Nein, das Ticken der inneren Uhr wird im Alter leiser. Um den Schlaf-Wach-Rhythmus aufrechtzuerhalten, ist es daher für ältere Menschen wichtiger, viel Licht aufzunehmen. So gelingt es ihnen, das Nickerchen über den Mittag auszulassen, wodurch sie nachts eher durchschlafen. Das ist beispielsweise bei Demenz wichtig: Ein stabiler Rhythmus kann den Abbau der geistigen Fähigkeiten entschleunigen.

Hat künstliches Licht einen schlechten Einfluss auf den Körper?

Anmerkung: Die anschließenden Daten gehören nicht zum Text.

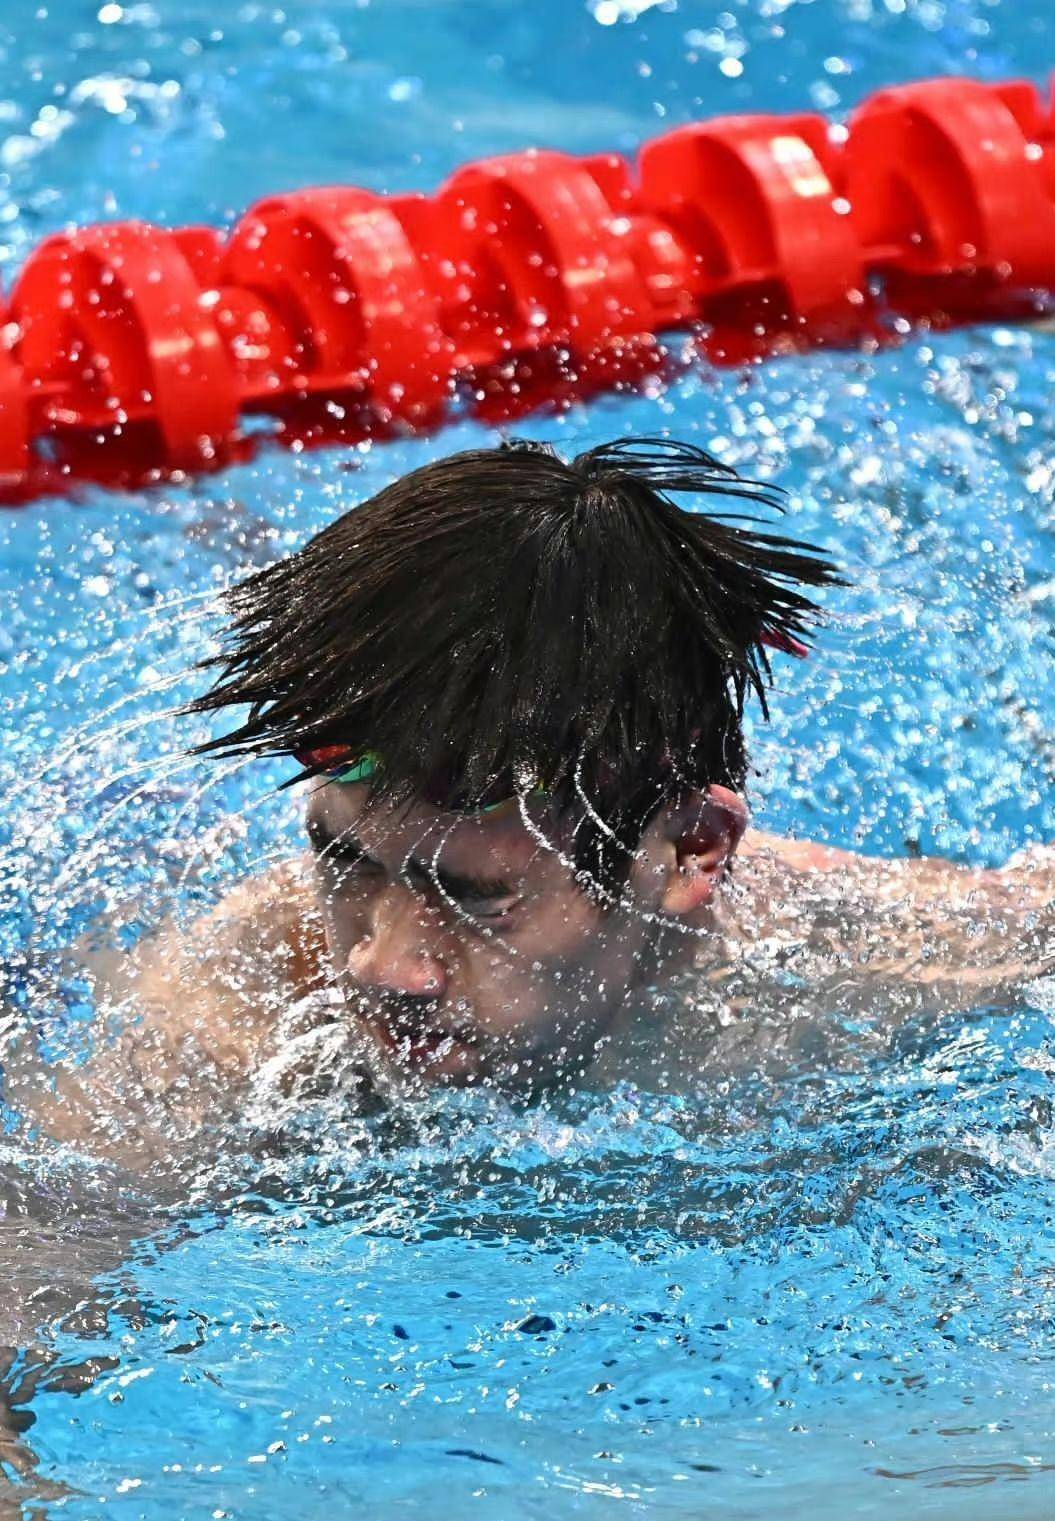 登顶飞鱼大战!潘展乐夺得世锦赛男子100米自由泳金牌
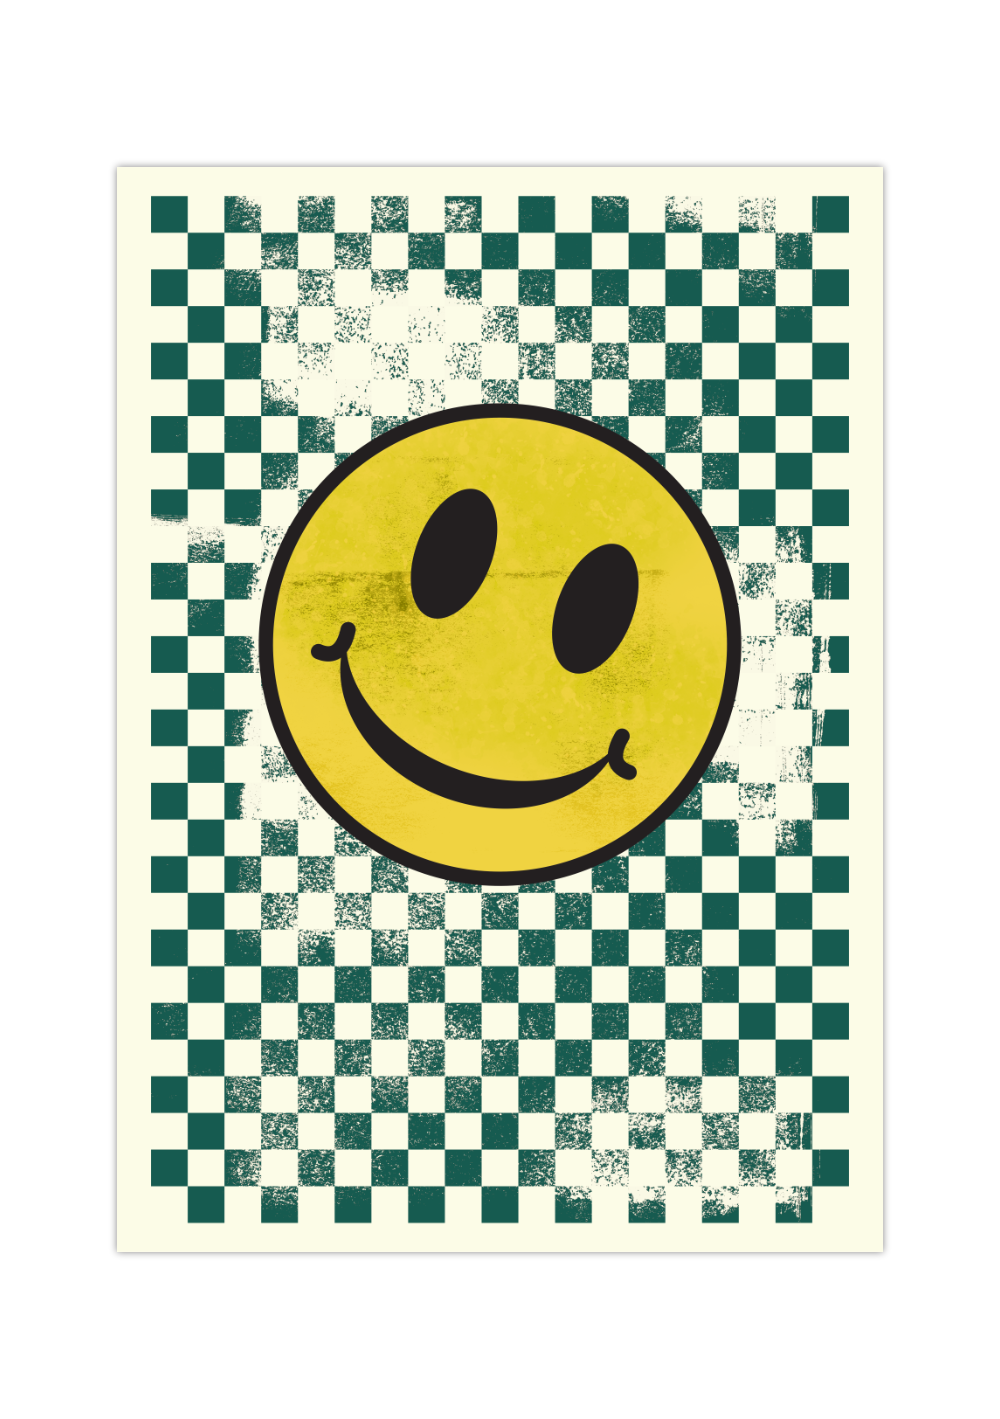 Dieses Poster zeigt im modernen Stil ein gelbes Smiley Gesicht mit grünen Quadraten im Hintergrund. Die perfekte Wanddeko für moderne Einrichtungsstile,

Nein, man sollte bloss darauf achten, welches Licht welchen Raum beleuchtet. Im Büro fördert kühles Licht die Konzentration. Im Schlafzimmer sollte man auf wärmeres Licht setzen, um den Schlaf nicht zu gefährden. Im Esszimmer empfiehlt sich ein Licht, das die Farben gut wiedergibt – ansonsten erscheinen einem die Speisen fahl.

Gibt es bautechnische Massnahmen, die sich positiv auswirken?
Die Fenster sollten so platziert werden, dass viel Tageslicht in die Räume eindringt, in denen es benötigt wird. In Altersheimen, Schulzimmern oder Fabrikhallen ist das besonders wichtig.